Just take a look at the statement John Sargent, Macmillan USA's CEO, has issued on the Amazon deletion of an appreciable fraction of all of English literature from its store. He writes the following:

In the ink-on-paper world we sell books to retailers far and wide on a business model that provides a level playing field, and allows all retailers the possibility of selling books profitably. Looking to the future and to a growing digital business, we need to establish the same sort of business model, one that encourages new devices and new stores. One that encourages healthy competition. One that is stable and rational. It also needs to insure that intellectual property can be widely available digitally at a price that is both fair to the consumer and allows those who create it and publish it to be fairly compensated.

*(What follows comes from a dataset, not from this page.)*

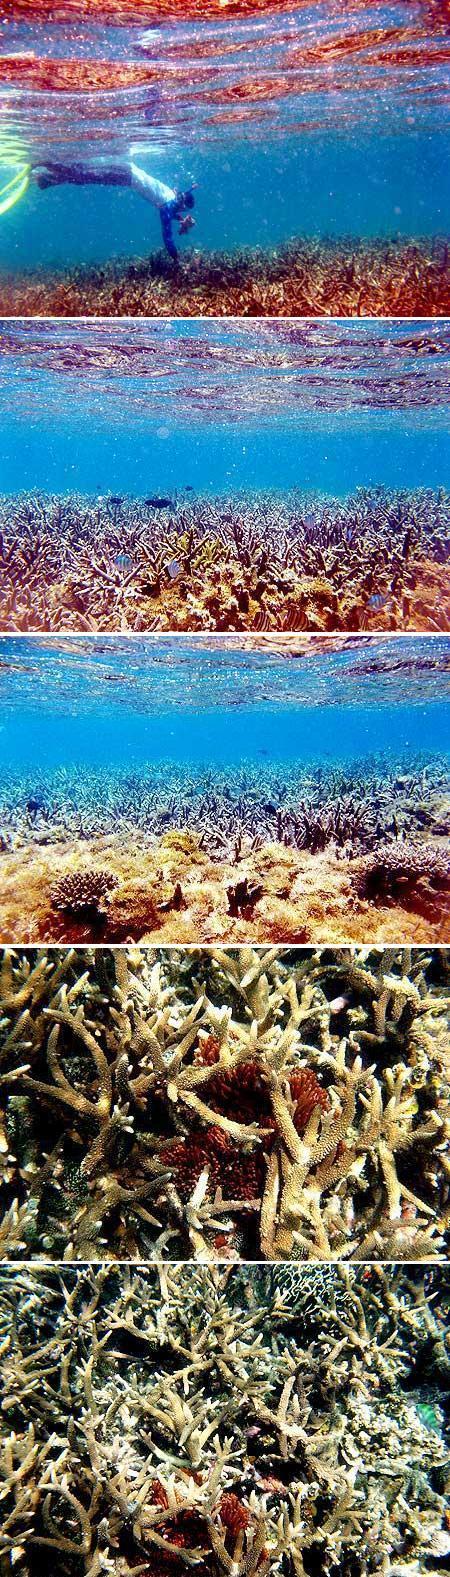 Terumbu karang sebelah timur Karang Kering, Sungailiat, Bangka, didominasi oleh jenis karang branching
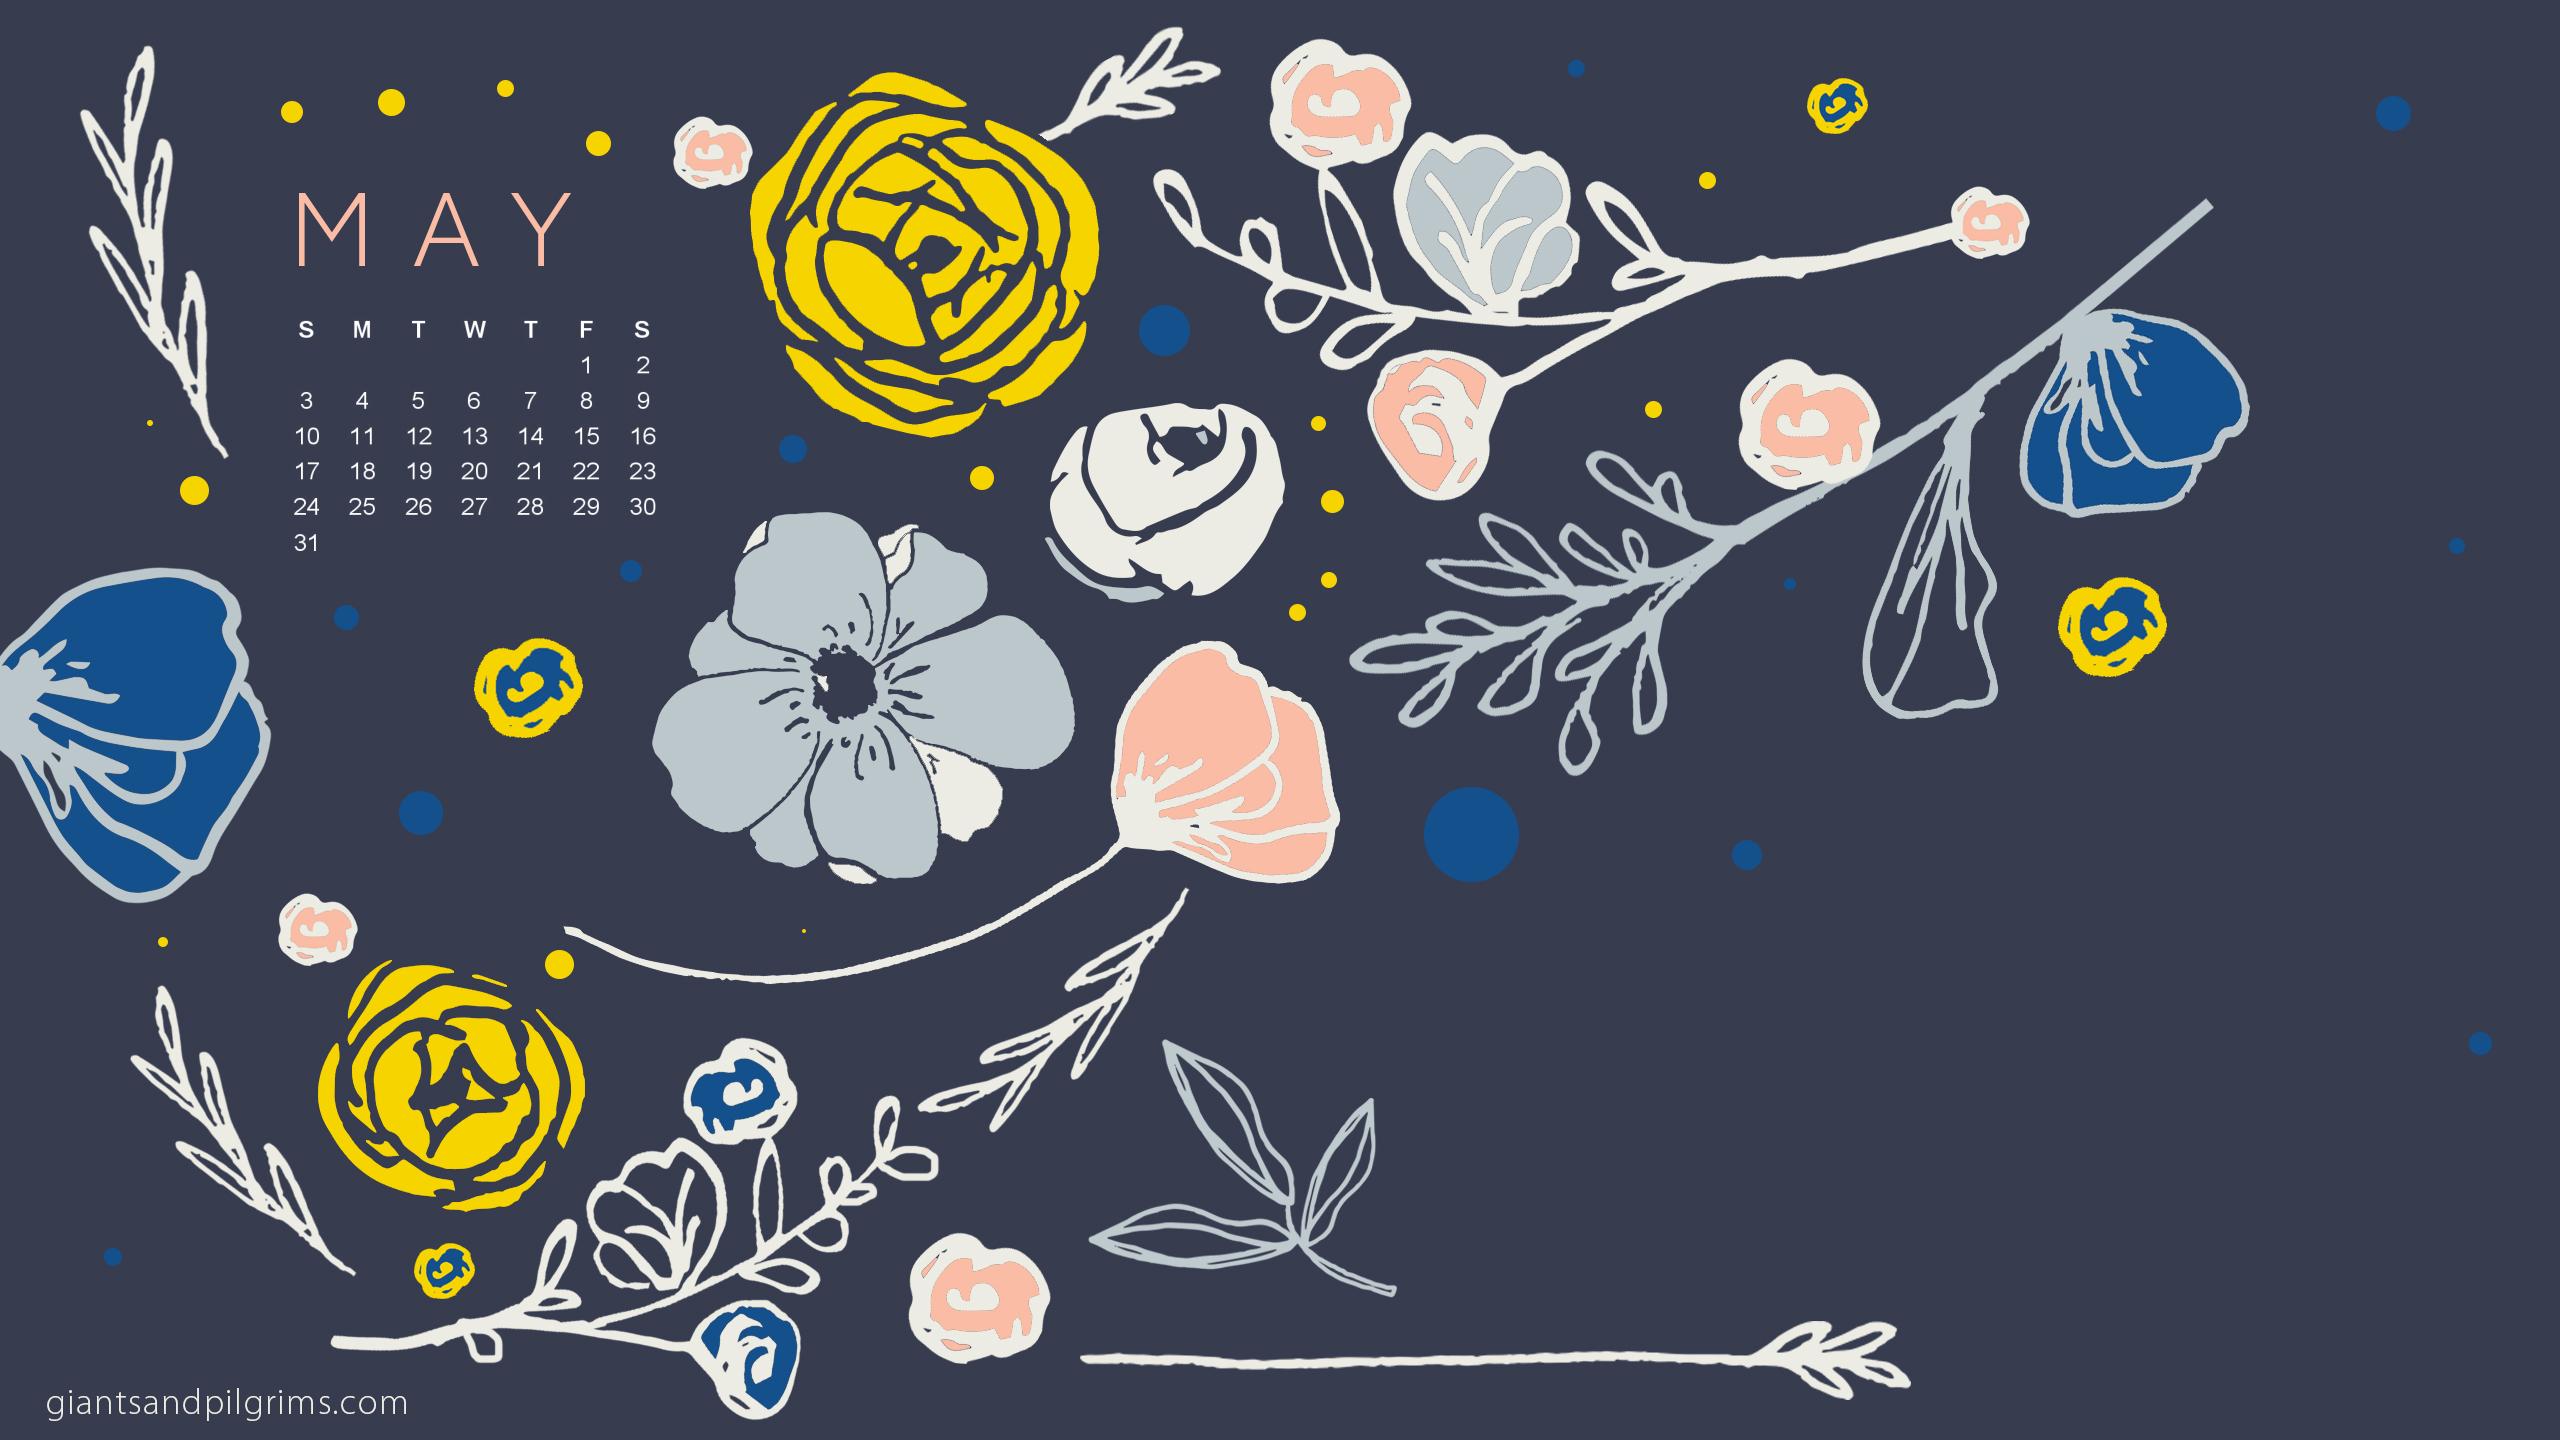 May 2015 Desktop and iPhone Wallpaper Giants Pilgrims 2560x1440

As you can see,there's no word there about the current bookstores and their survival in the digital age. It's true that higher prices can help smaller retailers, but I still don't think that's what's on the publishers mind when they negotiate the pricing.

In all, we still have to remember that e-books represent only 3%-5% of the market and will take sometime before they'll have a significant market share. Nevertheless, the digital era is here and the publishing industry is changing. Business models are changing. And those who won't know how to adopt to these changes, whether they're bookstores or publishers, will find themselves eventually lagging behind.

And what about the green element? Well, I believe that going green will be part of the new business model for anyone involved in the book industry. As we mentioned here many before, many of the components that don't work well in the current model are also not eco-friendly (for example, the fact that 25% of the books that are printed are not sold and returned to the publisher by booksellers).

Many other components, such as using virgin paper that is responsible for the larger part of the books' footprint will make less and less sense from an economic point of view with the expected regulation that will put a price tag on carbon emissions and with the growing demand of readers for eco-friendly alternatives. The bottom line is that making your business more sustainable is equal in the book industry to making it more economically viable, no matter if it's a hardcover book or an e-book that you're publishing or selling.